Asthma (Allergic and Non-Allergic)


Asthma is a disorder characterized by reversible narrowing (bronchospasm) and inflammation of the airways with subsequent shortness of breathing, tightness of the chest and wheezing. Depending upon the triggering factor asthma can be allergic or non-allergic. A wide variety of factors starting from exposure to pollens to depression can precipitate an attack of asthma.

Asthma is often associated with childhood and early life, but can persist throughout life. The condition affects the quality of life of the patient, interfering with sleep and daily functioning. In children it can even compromise growth and normal development. Fortunately there are various drugs now available for the treatment and long term management of asthma.


Some patients only suffer from mild bouts of shortness of breathing with long symptom-free intervals, whereas in others there is chronic breathing difficulty with frequent acute aggravation of symptoms.

  • Shortness of breath: increased with exercise or cold exposure.
  • Wheezing: It is the whistling sound produced during difficulty in breathing. Wheezing increases during early morning and night, exposure to cold air, exercise, emotional stress and rising stomach acid.
  • Cough: sputum may be present-as excess mucous secretion occurs in asthma.
  • Tightness of chest.

There are some very serios symptoms which requires immediate medical attention and urgent hospitalization. These warning signs include :

  • Bluish color of lips, nail bed
  • Drowsiness, confusion
  • Sudden temporary stoppage of breathing
  • Profuse sweating

Depending on the severity, availability of treatment and emergencyl management, asthma can lead to :

  • Death
  • Respiratory failure
  • Depression due to the poor quality of life
  • Growth retardation


Causes of asthma can be classified under two headings environmental (allergic asthma) and genetic. In most cases interplay of the two factors is responsible.
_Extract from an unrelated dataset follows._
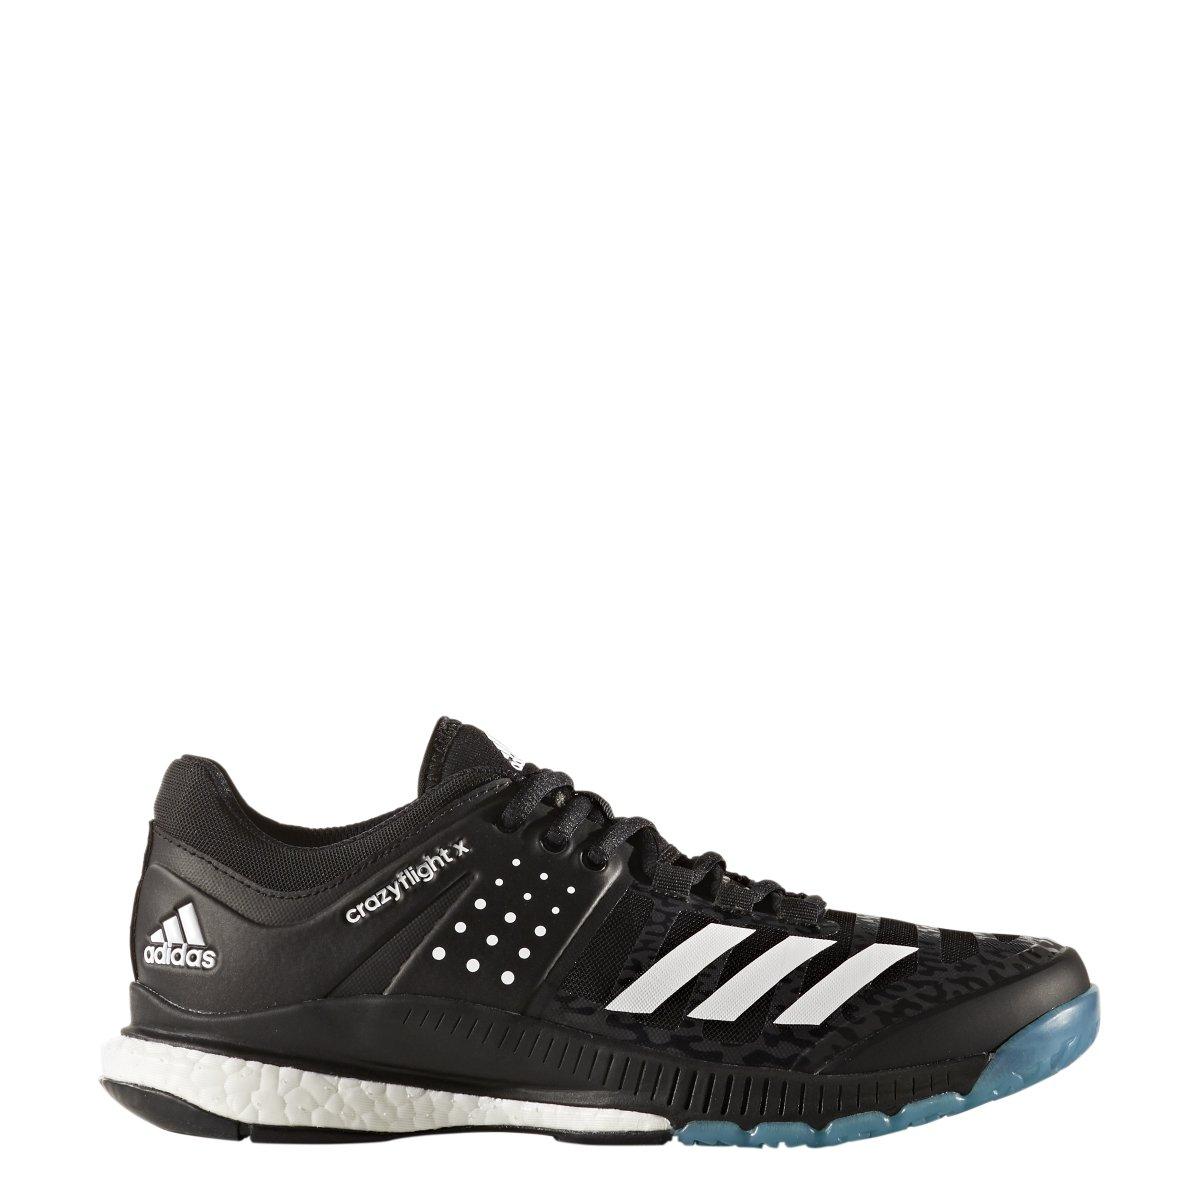 965803d98 Amazon.com | adidas Originals Women's Crazyflight X Volleyball Shoe |  Fitness & Cross-Training

  • Allergen: pollen, dust mite, mold, pet animals (hair, dander), food (peanut, sea fish, eggs and so on)
  • Exposure to cold air
  • Air pollutants (traffic)
  • Exercise
  • Tobacco smoke
  • Emotional stress
  • Drug induced: aspirin and other NSAIDs
  • Acidity (gastroesophageal reflux disease)
  • Preservatives added in food


Asthma may run in the family along with allergic rhinitis and eczema. Usually a favorable genetic make-up for asthma along with favorable environmental factor produces asthma.

Risk factors

There are various risk factors making a person vulnerable to asthma :

  • Family history
  • Obesity (BMI>30)
  • Smoking (active and passive)
  • Excessive exposure to traffic pollutants
  • Occupational exposure to chemicals
  • Low birth weight, cesarean section delivery
  • Current hygiene practices prevent exposure of children to bacteria, viruses leading to decreased infection. This may increase the chance of development of asthma in children of developed countries.
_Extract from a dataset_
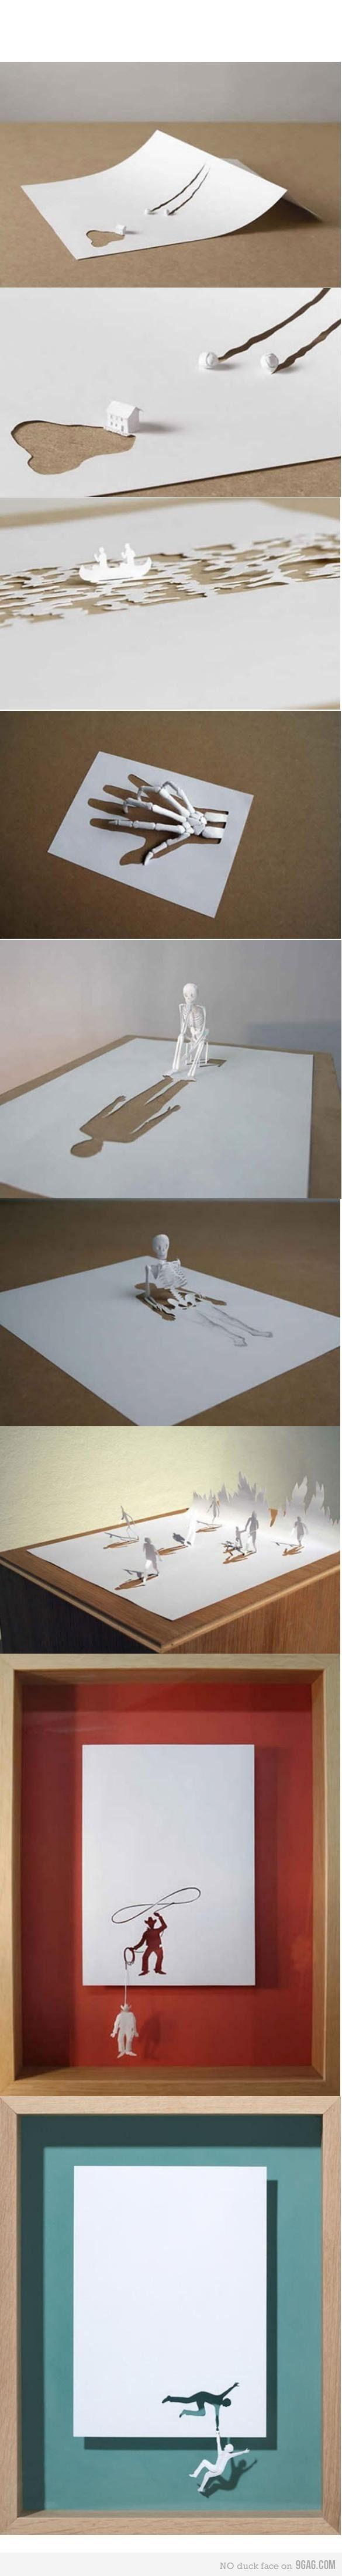 clever paper art.

There is no cure for asthma but effective medication can improve the symptoms. The aim of treatment is prevent an attack and manage the symptoms during an acute episode.

Prevention of attack :

  • by avoiding precipitating factors
  • lifestyle modification (cessation of smoking)

Medication :

  • Steroids: Beclomethasone, budesonide, fluticasone (inhalational), prednisolone (oral).
  • Combination of inhalational steroids and long acting β agonists ( salmeterol and fluticasone).
  • Mast cell stabilizer namely cromolyn sodium.

Management of acute attack:

  • Short acting (bronchodialators): for immediate relief.
  • β agonists: Salbutamol, yurbutaline (via inhalers or nebulizer)
  • Anticholinergics: Ipratropium (inhaler)
  • Aminophylline: Theophylline (oral or injection)

Other measures :

  • Moist oxygen inhalation
  • Heliox inhalation (mixture of helium and oxygen)

Outcome of treatment is generally favorable in children as they usually outgrow the symptoms.